Bildquelle: Wikipedia, „Rathaus Heiligenstadt“ von Michael Sander.

6 Kommentare:

  1. Am besten wäre es wohl, wenn man schon vorher ein festes Konzept hat, was man vor Ort machen kann und will. Ich denke, wenn das ganze gut vorbereitet ist, kann man sich innerhalb eines Jahres auch eine kleine Existenz als Kreativer aufbauen. Und zwar erst recht, wenn man zB auch vorhande Räumlichkeiten nutzen darf, etwa für Ausstellungen, Lesungen, Workshops undsoweiter.

    AntwortenLöschen
    Antworten
    1. Ja, das denke ich auch. Ich bin gespannt, ob sich ein geeigneter Kanditat findet, denn die Ausschreibungsfrist finde ich recht knapp.

      Löschen
  2. Nachdem eine Dame (ebenfalls Autorin) via Facebook die Kommentatorinnen mit Geiern vergleicht, die sich auf alles Gute stürzen, um es schlecht zu machen, zu zerreden und die Blogbetreiberin, also ich, obendrein noch bitterböse Gerüchte über die Eichsfelder in die Welt setzt, sehe ich mich veranlasst, mit meiner Antwort etwas Aufklärungsarbeit zu leisten:

    Liebe Inxxxx.
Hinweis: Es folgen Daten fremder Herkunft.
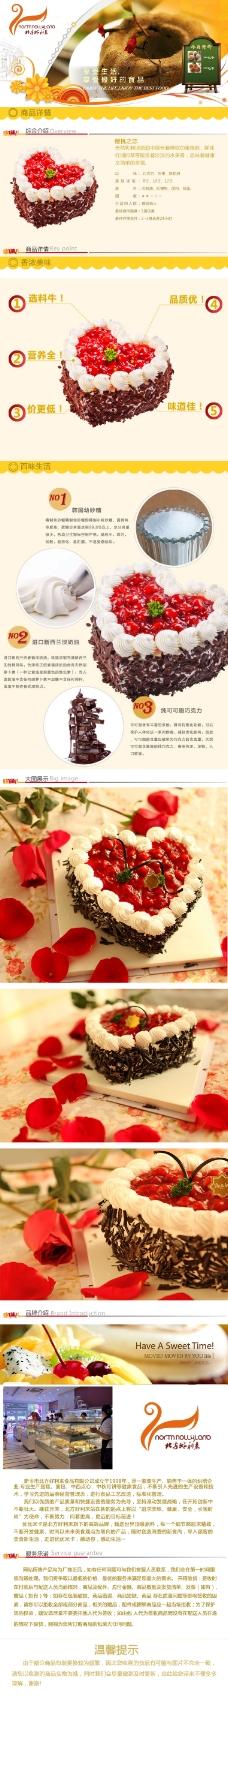 北方好利来 蛋糕店 蛋糕详情页

Ich gehe mal wohlwollend davon aus, dass keiner von den beteiligten "Mitstreiterinnen" als Geier bezeichnet wird, sondern das nur allgemein und metaphorisch gemeint war.^^
    Ich finde, dass für eine solch schwerwiegende Entscheidung eine Bewerbungsfrist von gerade mal einem Monat viel zu knapp bemessen ist. Deshalb ist ein wenig Beachtung und Aufmerksamkeit durch provokatives Pushen nicht verkehrt. Denn es muss schon Einiges bedacht und geplant werden, zumal sich Heiligenstadt ja Bewerber von auswärts als Stadtschreiber wünscht. Sicher gibt es Leute, die sich gern dahinterklemmen würden, sodass möglicherweise alle Beteiligten davon profitieren. Die Interessenten sollten aber echt lesen können, auch zwischen den Zeilen. Das ist KEIN Jobangebot, das ist ein Ehrenamtsposten mit Tendenz zu 24/7.
    Ich arbeite selbst (und nicht zu knapp) ehrenamtlich im medizinischen und soziokulturellen Bereich, nichts läge mir also ferner, etwas Ähnliches negativieren oder zerreden zu wollen. Doch ich kenne genügend Bewerber, die zu allererst nach dem Verdienst für die ehrenamtliche Tätigkeit fragen. Wenn die dann hören: Bissel Aufwandsentschädigung, aber ganz viel investierte Freizeit (vorwiegend an den Wochenenden), dann lösen die sich ruckzuck in Luft auf. Iris' Aspekt mit den gut bezahlten Profis ist nicht von der Hand zu weisen und schon kann man die ganze Sache wieder aus einem ganz anderen Blickwinkel betrachten. Und das Ding mit "des deutschen liebstem Haustier" Herrjeh, das ist ein augenzwinkernder Insider, denn ich stamme ursprünglich aus der Gegend, naja aus der Nähe (Landkreis Gotha). Hat doch prima geklappt. ;)

    AntwortenLöschen
  3. Hmmm ... ich persönlich würde unter keinen Umständen von unserer heimatlichen Ecke wegziehen. Ich glaube nichtmal für einen dauerhaften Vollzeitjob. Das habe ich einmal im Leben gemacht und bitter bereut.

    Aber wenn nun jemand reiselustig ist, vielleicht eine Option ????? Vorausgesetzt, die Wohnung ist hinterher .. dann eben bezahlt .. auch weiterhin gesichert.

    LG
    Renate

    AntwortenLöschen
    Antworten
    1. Dafür muss niemand besonders reiselustig sein, man muss nur einmal hinfahren und einziehen - und nach einem Jahr wieder wegziehen oder aber dortbleiben. ;)

      Löschen
  4. Mich würde ja echt mal interessieren, was draus geworden ist.